みなさま、こんにちは!今回のブログを担当します、山崎日和です。

この記事は春学期の第10回のものです。気づいたら授業からものすごい時間が経ってしまいました… 順番が前後し申し訳ありませんが、前後の記事はだいぶ下の方にありますので、さかのぼってご覧ください。

今回、3限では「ジャンル批評」「読者反応批評」「文体論的批評」の3つのテーマを、4限ではジャック・デリダの『根源の彼方に―グラマトロジーについて』を取り上げて「脱構築」について学びました。

前座

今回の前座は私が担当でした。紹介したのは、まらしぃさんというピアニストの方です。

この方は、主にYouTubeでアニソンやボカロなどのピアノアレンジを投稿しています。ピアノ、ということは歌詞がないわけです。そのため、私はよく作業用BGMや睡眠BGMとして聞いています。

特におすすめのものとして、「ちょっとつよいクラシック」と「メドレー」を上げさせていただきました。詳細は省きますが、気になった方はぜひYouTubeで調べて聞いてみてください!

3限 「ジャンル批評」「読者反応批評」「文体論的批評」

今回の3限は秋尾さんの担当で、『批評理論入門』から「ジャンル批評」、「読者反応批評」、「文体論的批評」の3つのテーマについて学びました。

「ジャンル批評」

ジャンル批評とは、その名の通りジャンルに関わる諸問題を扱う批評です。ジャンルには、形式上のカテゴリーに基づくものと、テーマや背景など内容上のカテゴリーに基づくものとがあり、このことから文学作品が既存の作品群と関係を持つことがわかります。

本文では『フランケンシュタイン』に関する4つのジャンルについて紹介されていました。

①ロマン主義文学

ロマン主義とは、啓蒙主義への反動として現れたもので、自我や個人の経験、無限なるものや超自然的なものを重視するものです。初期ロマン主義では、恐怖、情念、崇高さなどが作品に取り込まれました。後期ロマン主義では、旅、幼年時代の回想、報われない愛、追放された主人公などがテーマとして取り上げられました。

『フランケンシュタイン』は、恐怖や無限なるもの、超自然的なものをテーマとしているという、ロマン主義文学的な側面を持ちます。また、作中に登場する『若きウェルテルの悩み』もロマン主義文学であることから、ロマン主義の思想の影響が濃く反映されていると言えます。

②ゴシック小説

ゴシック小説は、18世紀後半から19世紀初頭を中心に流行した、ロマン主義文学の一種です。中世の異国的な城や館を舞台として、超自然的な現象や陰惨な出来事が展開する恐怖小説です。

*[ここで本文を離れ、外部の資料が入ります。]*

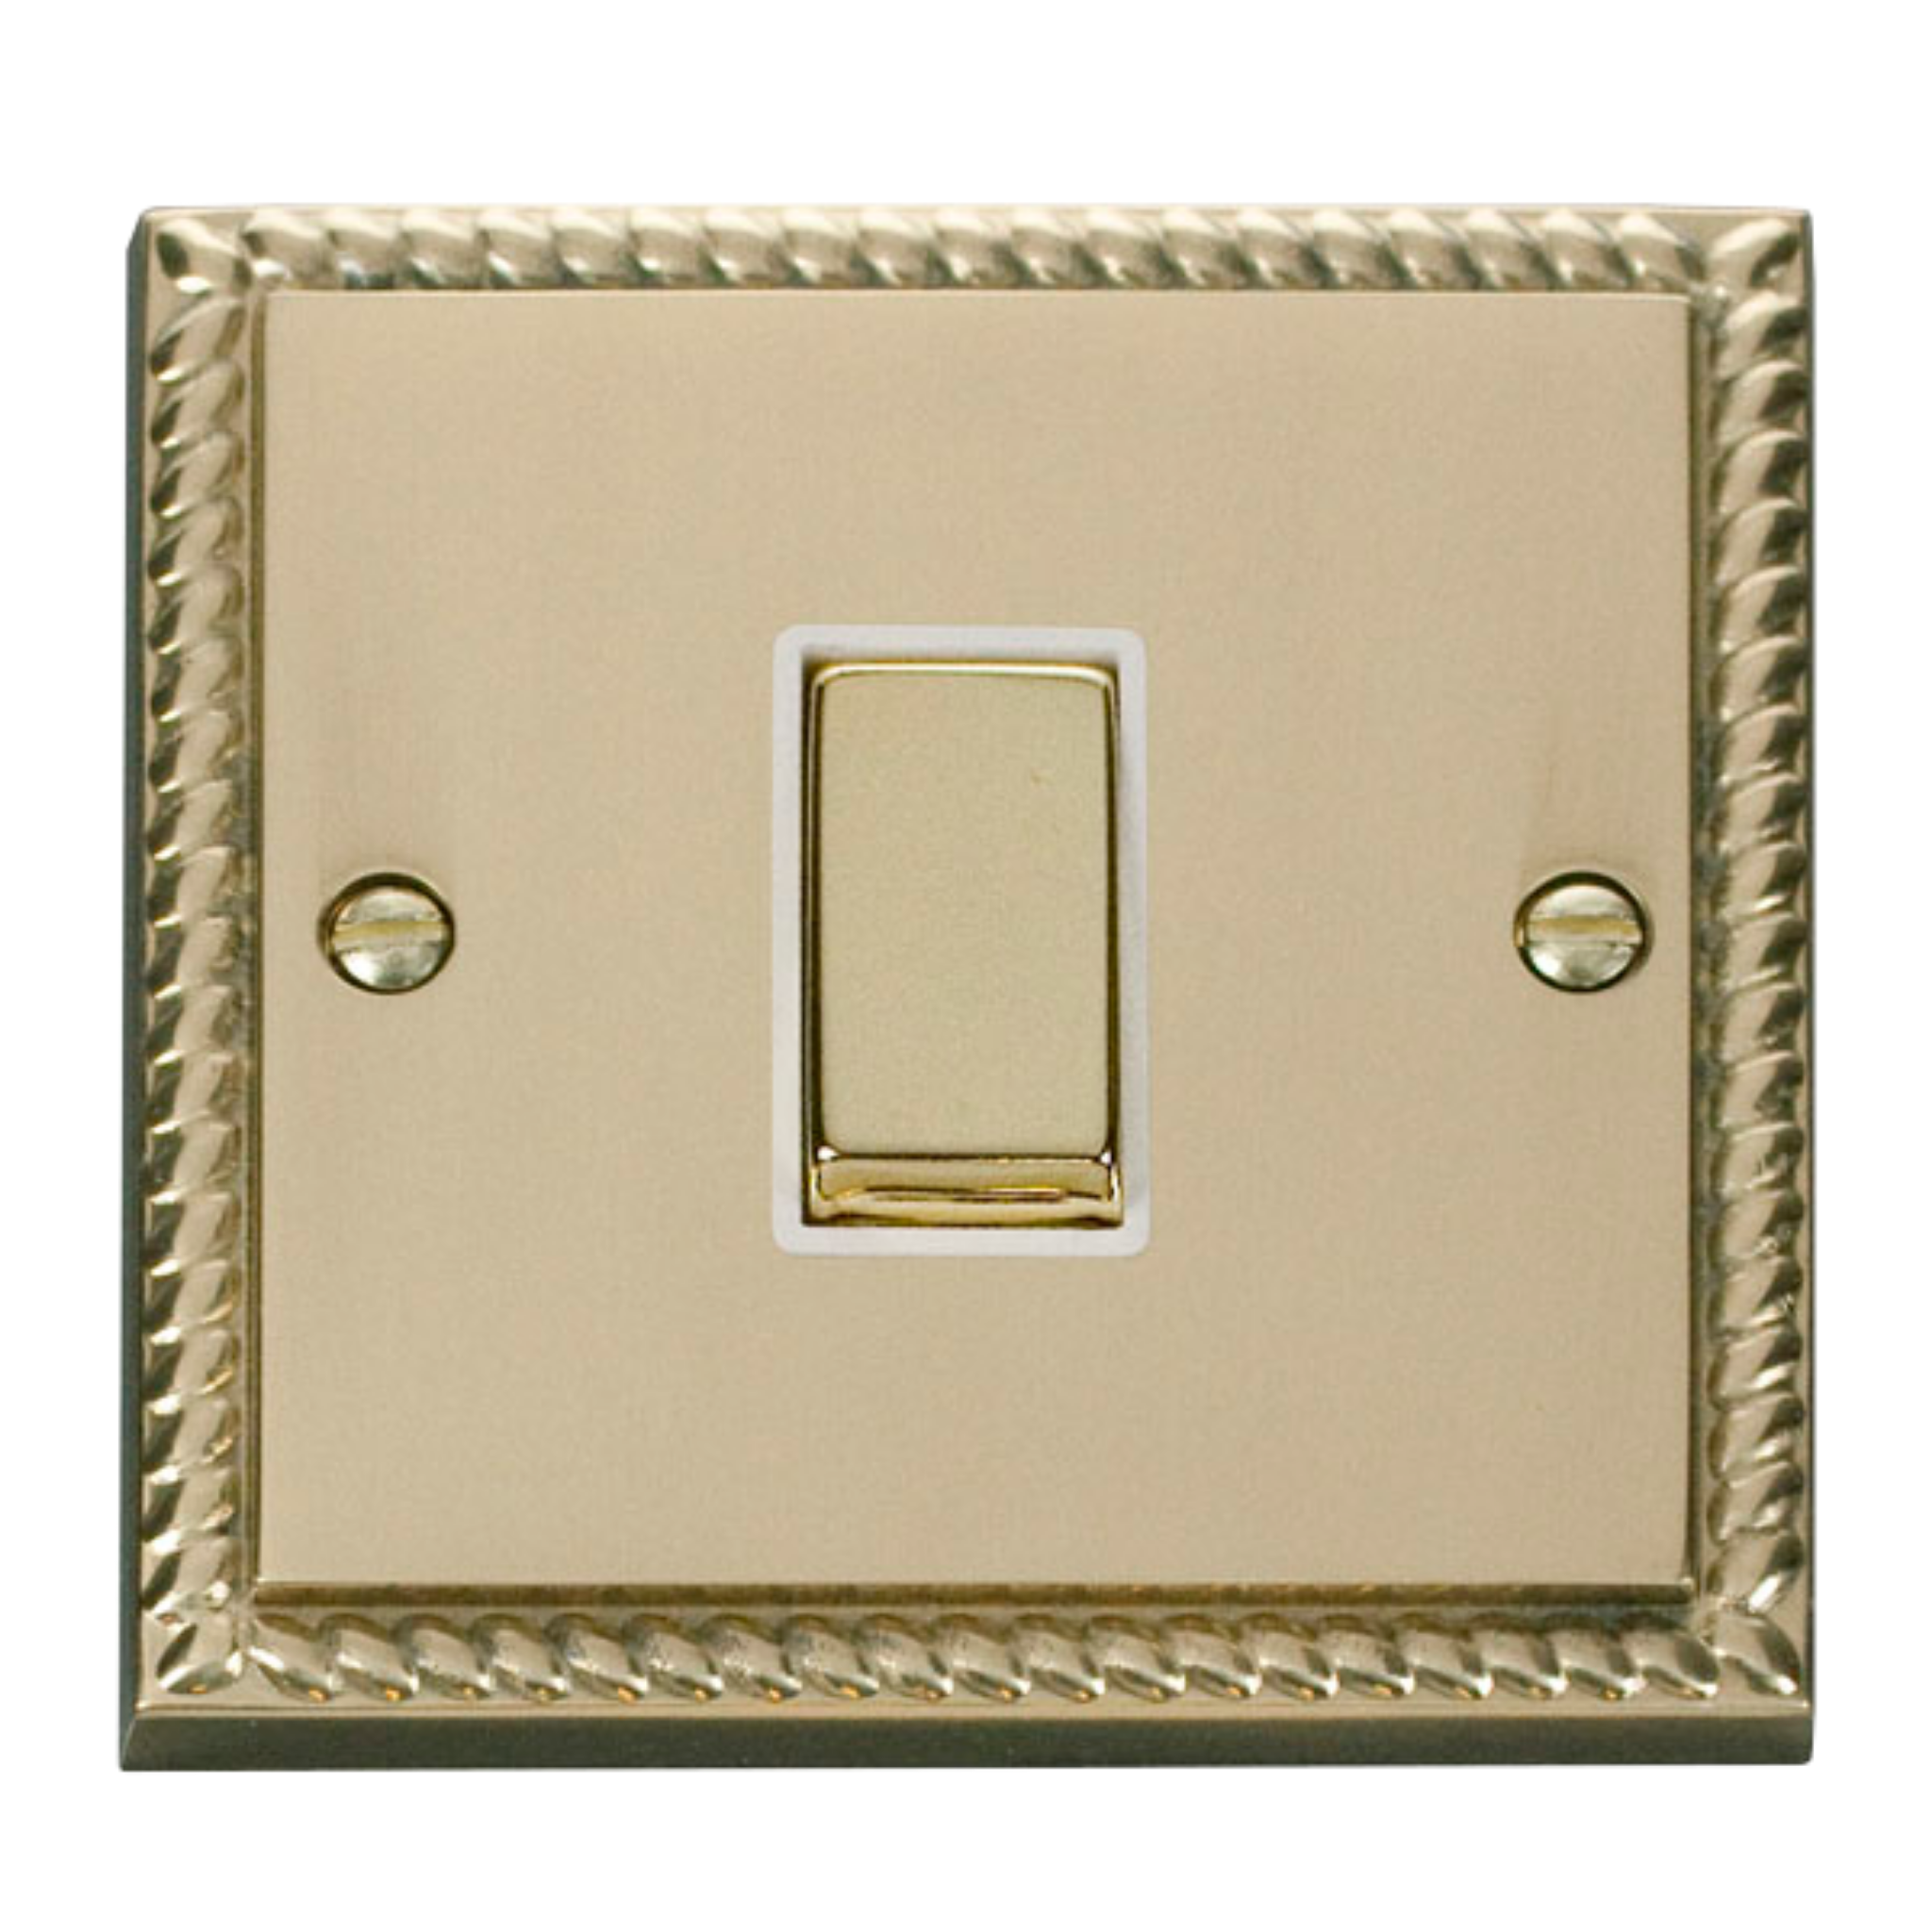 Z-Wave Smart Dimmer Switch in Georgian Brass

『フランケンシュタイン』は、恐怖を主題とし、不気味な描写や陰惨な出来事などを有しているため、ゴシック小説的な要素を持つと言えます。しかし、リアリスティックな描写や自然の神秘に乱入することなど、伝統的なゴシック小説とは相反する要素も持っています。

③リアリズム小説

リアリズムとは、人生を客観的に描写し、物事をあるがままの真の姿で捉えようとする考え方で、ロマン主義とは対極に位置するものです。小説では具体的に、非現実的な描写や美化を避け、人生における日常的・即物的側面を写実的に描くという方法がとられます。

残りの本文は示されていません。